If --counts is used, default columns are:
1. name
2. pos strand count
3. neg strand count
4. total count
This script will write out all positive strand entries of a given sequence followed by all negative strand entries.
If name,start,end are used as first 3 columns, sortBed from BEDtools (or unix sort) can sort the BED file based on coordinates if needed.
dataconc Plot sum of read lengths in each bin for a given set of bins for a set of FAST5 files.
This is the type of plot seen in MinKNOW while sequencing.
qualpos Get the qual score distribution over positions in reads
qualdist Get the qual score composition of a set of FAST5 files.
This tool is from poretools, but poreminion allows you to select the type of read.
kmer Count kmers in reads or reference.
kmerplot Plot kmer counts in reads or reference.
kmerdiff Get fold-enrichment values of kmers in reads vs reference.
winner Get the longest read from a set of FAST5 files.

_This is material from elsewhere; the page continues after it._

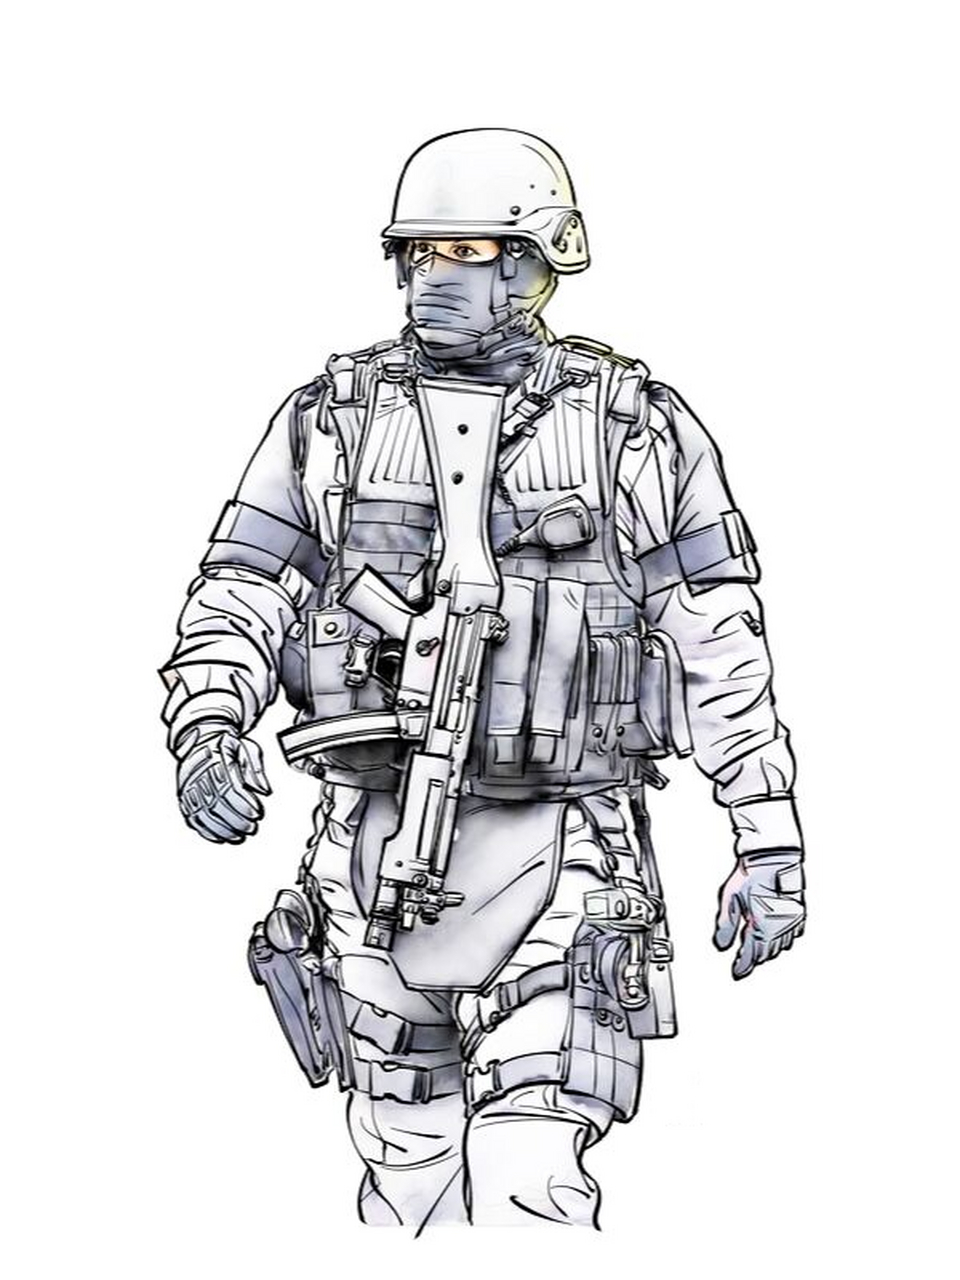 《特种部队11》 钢笔淡彩人物画 白描 速写

Similar to poretools winner, only allows type=each and offers a details only option.
seqlen Get sequence lengths from set of FAST5 files.
By default it will attempt to give read lengths for template, complement, and 2d.
Use optional flags to exclude any of these read types.
poretools (https://github.com/arq5x/poretools)
HDF5 >= 1.8.7 (http://www.hdfgroup.org/HDF5/)
R >= 3.0.0
Python >= 2.7
rpy2 >= 2.4.2
h5py >= 2.0
pandas >= 0.14.1
matplotlib >= 1.4.0
edgeR (only for kmer 'differential expression' analysis)
PoreMinion contains some tools that have been made on top of Aaron Quinlan's and Nick Loman's poretools, and therefore has many of the same dependencies. It also requires additional dependencies on top of what poretools requires (specifically pandas and matplotlib libraries).
download zip
cd porminion-master/
python setup.py install
brew install hdf5
pip install h5py
download poretools zip; cd poretools; python setup.py install
pip install pandas
pip install matplotlib
Urban, J. M., Bliss, J., Lawrence, C. E. & Gerbi, S. A.
Sequencing ultra-long DNA molecules with the Oxford Nanopore MinION.
bioRxiv (Cold Spring Harbor Labs Journals, 2015). doi:10.1101/019281
http://biorxiv.org/content/early/2015/05/20/019281
This paper contains the first descriptions and uses of poreminion.